Our opponents elevate the scientific status of a typical placeholder Null (such-and-such does not exist) and pretend that the idea, 1. actually possesses a scientific definition and 2. bears consensus acceptance among scientists. These constitute their first of many magician’s tricks, that those who do not understand the context of inference fall-for, over and over. Even scientists will fall for this ole’ one-two, so it is understandable as to why journalists and science communicators will as well. But anecdotes are science, when gathered under the disciplined structure of Observation (the first step of the scientific method). Below we differentiate four contexts of the single observation, in the sense of both two inductive and two deductive inference contexts, only one of which fits the semantics regarding ‘anecdote’ which is exploited by fake skeptics.

Inductive Anecdote

Inductive inference is the context wherein a supporting case or story can be purely anecdotal (The plural of anecdote is not data). This apothegm is not a logical truth, as it could apply to certain cases of induction, however does not apply universally.

Null:  Dimmer switches do not cause house fires to any greater degree than do normal On/Off flip switches.

Inference Context 1 – Inductive Data Anecdote:  My neighbor had dimmer switched lights and they caused a fire in his house.

Inference Context 2 – Mere Anecdote (Appeal to Ignorance):  My neighbor had dimmer switched lights and they never had a fire in their house.

Hence we have Wolfinger’s Inductive Paradox.

Wolfinger’s Inductive Paradox

/philosophy : science : data collection : agency/ : an ‘anecdote’ to the modus praesens (observation or case which supports an objective presence of a state or object) constitutes data, while an anecdote to the modus absens (observation supporting an appeal to ignorance claim that a state or object does not exist) is merely an anecdote. One’s refusal to collect or document the former, does not constitute skepticism. Relates to Hempel’s Paradox.

Finally, we have the instance wherein we step out of inductive inference, and into the stronger probative nature of deduction and falsification. In this context an anecdote is almost always probative. As in the case of Wolfinger’s Inductive Paradox above, one’s refusal to collect or document such data, does not constitute skepticism.

Deductive or Falsifying Anecdote

Deductive inference leading to also, falsification (The plural of anecdote is data). Even the singular of anecdote is data under the right condition of inference.

Null:  There is no such thing as a dimmer switch.

Inference Context 3 – Deductive Anecdote:  I saw a dimmer switch in the hardware store and took a picture of it.

Inference Context 4 – Falsifying Anecdote:  An electrician came and installed a dimmer switch into my house.

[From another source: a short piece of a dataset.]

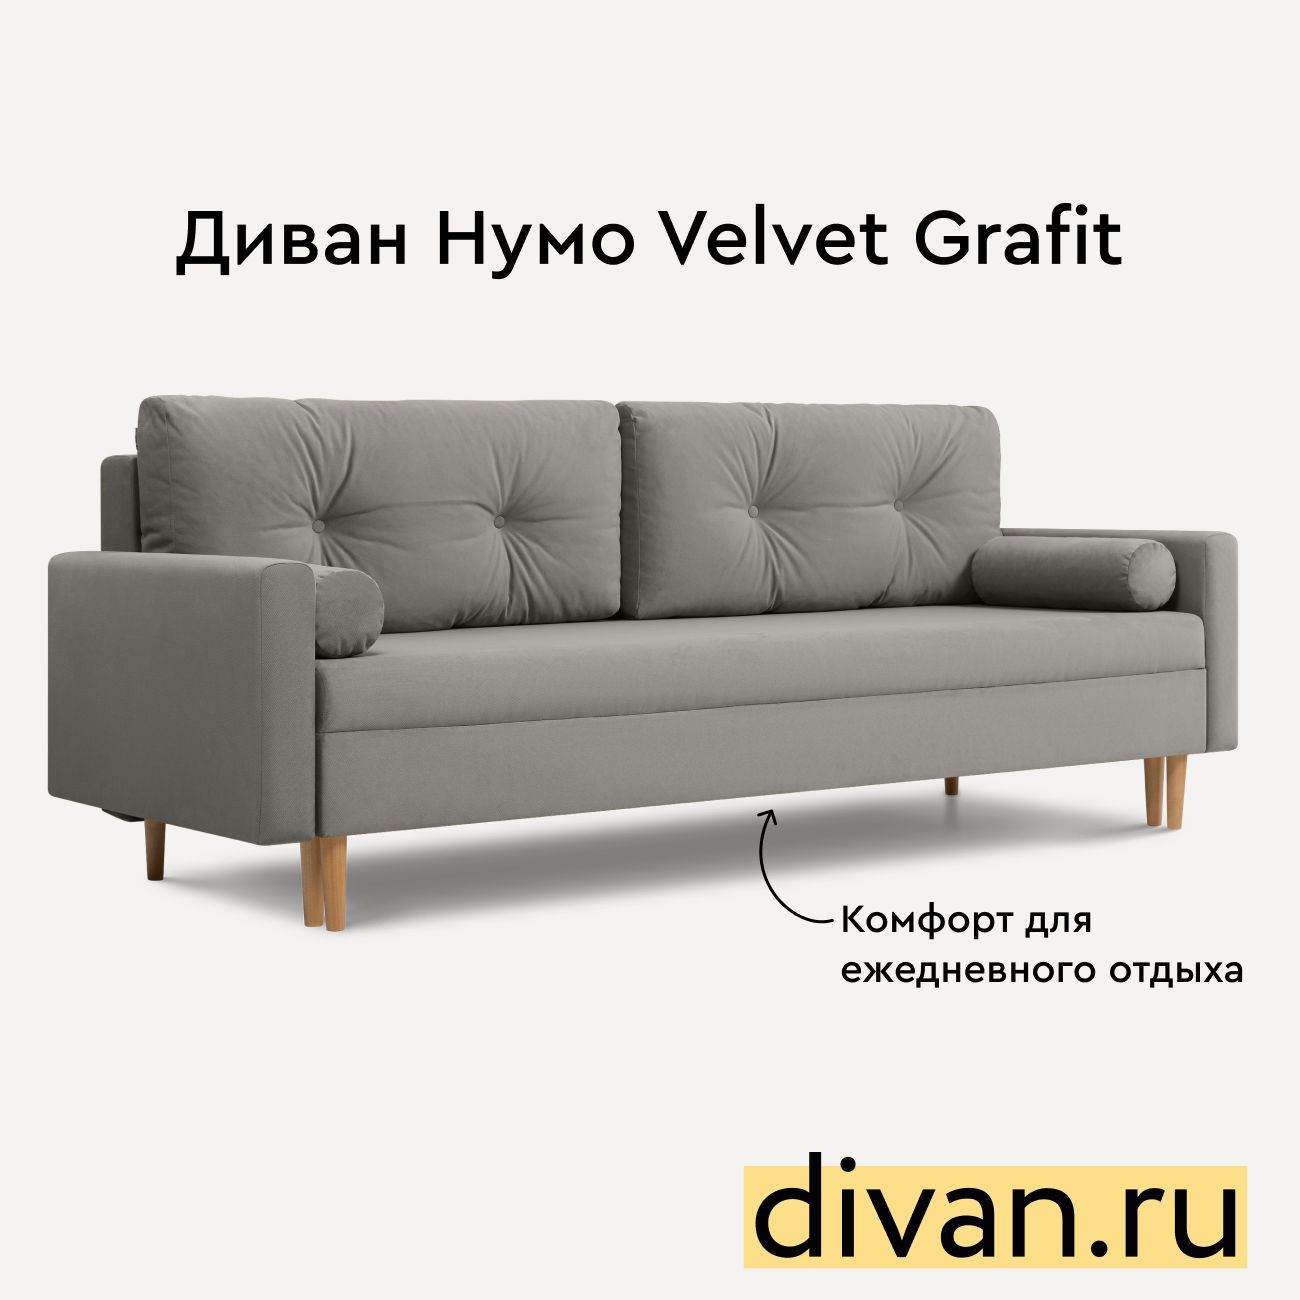 Диван Divan.ru прямой Нумо Velvet Grafit - купить в Москве, цены на Мегамаркет | 600016270971

For example, what is occurring when one accepts materialism as an a priori truth pertains to those who insert that religious agency between steps 2 and 3 above. They contend that dimmer switches do not exist, so therefore any photo of one necessarily has to be false. And of course, at any given time, there is only one photo of one at all (all previous photos were dismissed earlier in similar exercises). Furthermore they then forbid any professional electrician from installing any dimmer switches (or they will be subject to losing their license). In this way – dimmer switches can never ‘exist’ and deniers endlessly can proclaim to non-electricians ‘you bear the burden of proof’ (see Proof Gaming). From then on, deeming all occurrences of step 2 to constitute lone cases of ‘anecdote’, while failing to distinguish between inductive and deductive contexts therein.

Our allies and co-observers as ethical skeptics need bear the knowledge of philosophy of science (skepticism) sufficient to stand up and and say, “No – this is wrong. What you are doing is pseudoscience”.

Hence, one of my reasons for creating The Map of Inference.